If you want to set the system prompt, you can do:

def before_next_page(player, timeout_happened):
    with ai(player) as llm:
        # this sets the "system" prompt
        llm.system("You are participating in an experiment.")

You can do whatever you want, but always remember to open the LLM's context (using with ai(...) as llm) before performing any action. (This extra step is necessary because of oTree's ORM, which otherwise couldn't notice changes deep down in the Thread.)
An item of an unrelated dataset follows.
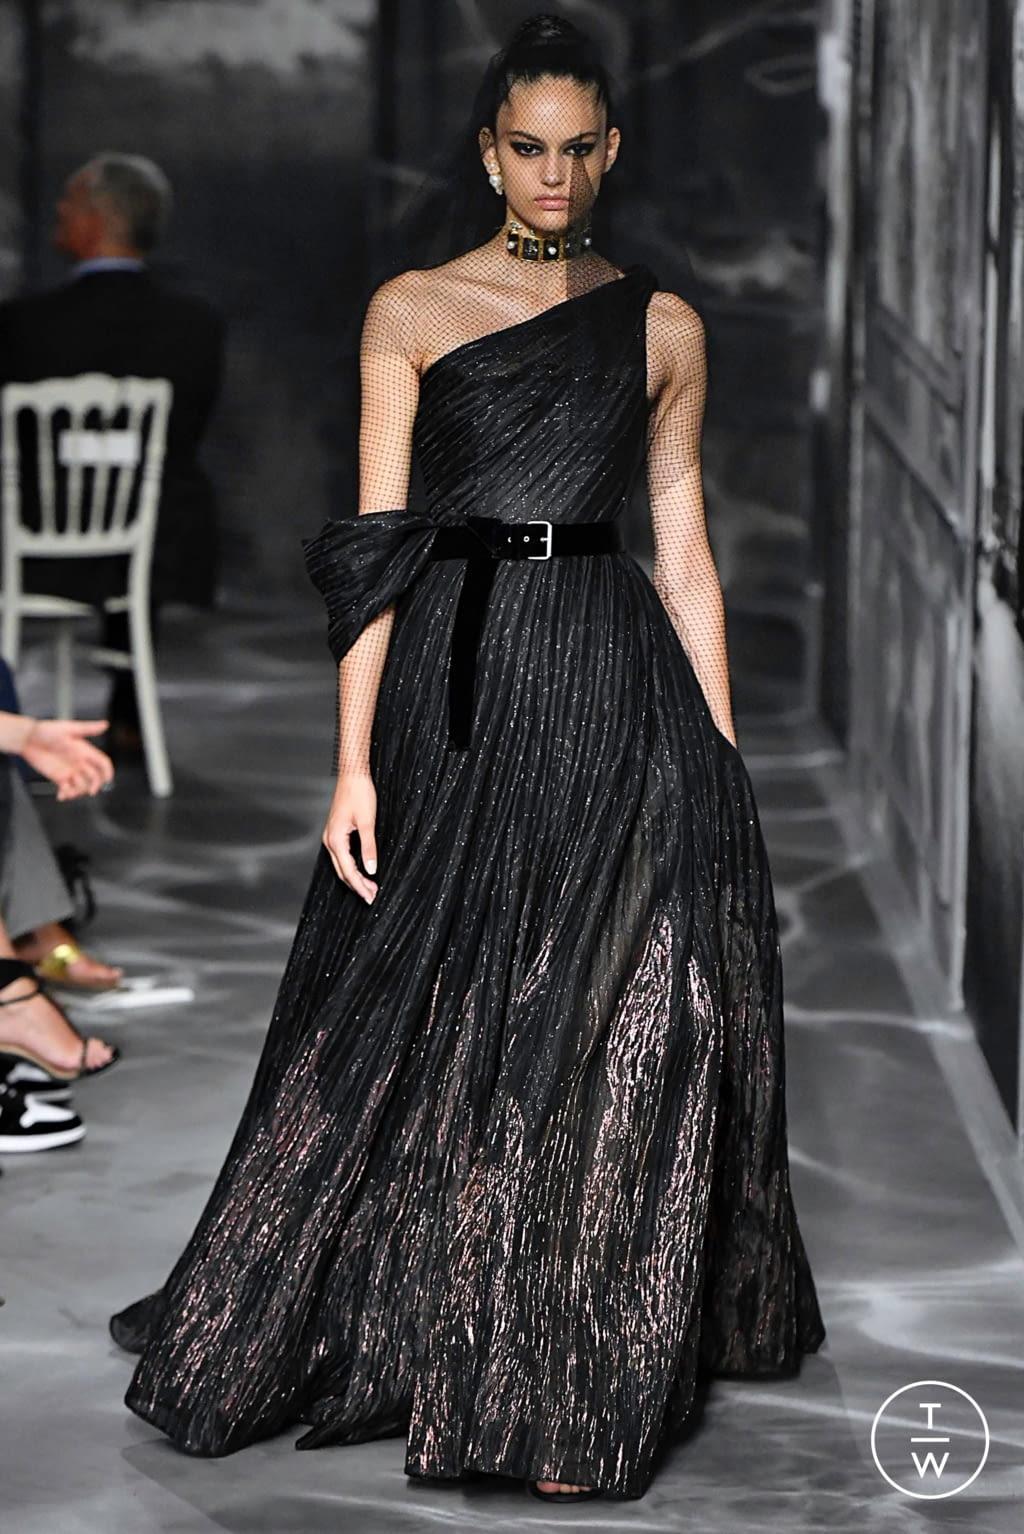 Fashion Week Paris Fall/Winter 2019 look 33 de la collection Christian Dior couture

You can also attach a whole Conversation to the aforementioned oTree objects.

We provide a simple Chat in this repository, see the directory otree/ego_chat.

Remember to put your API key into your oTree project folder. alter_ego saves message histories automatically in .ego_output in your oTree project folder.

Developing full-fledged experiments

New: 📺 WATCH VIDEO TUTORIAL

You can use the primitives exposed by this library to develop full-fledged experiments that go beyond the capabilities of our builder. The directory scenarios/ contains a bunch of examples, including the code for our paper's machine--machine interaction example (ego_prereg.py). Watch the video tutorial to get a feeling for what's possible.

Citation

When using any part of alter_ego in a scientific context, cite the following work:

@article{ego,
  title={Integrating Machine Behavior into Human Subject Experiments: A User-friendly Toolkit and Illustrations},
  author={Engel, Christoph and Grossmann, Max R. P. and Ockenfels, Axel},
  year={2023},
}

License

alter_ego is © Max R. P. Grossmann et al., 2023. It is licensed under LGPLv3+. Please see LICENSE for details.

This program is distributed in the hope that it will be useful, but without any warranty; without even the implied warranty of merchantability or fitness for a particular purpose. See the GNU Lesser General Public License for more details.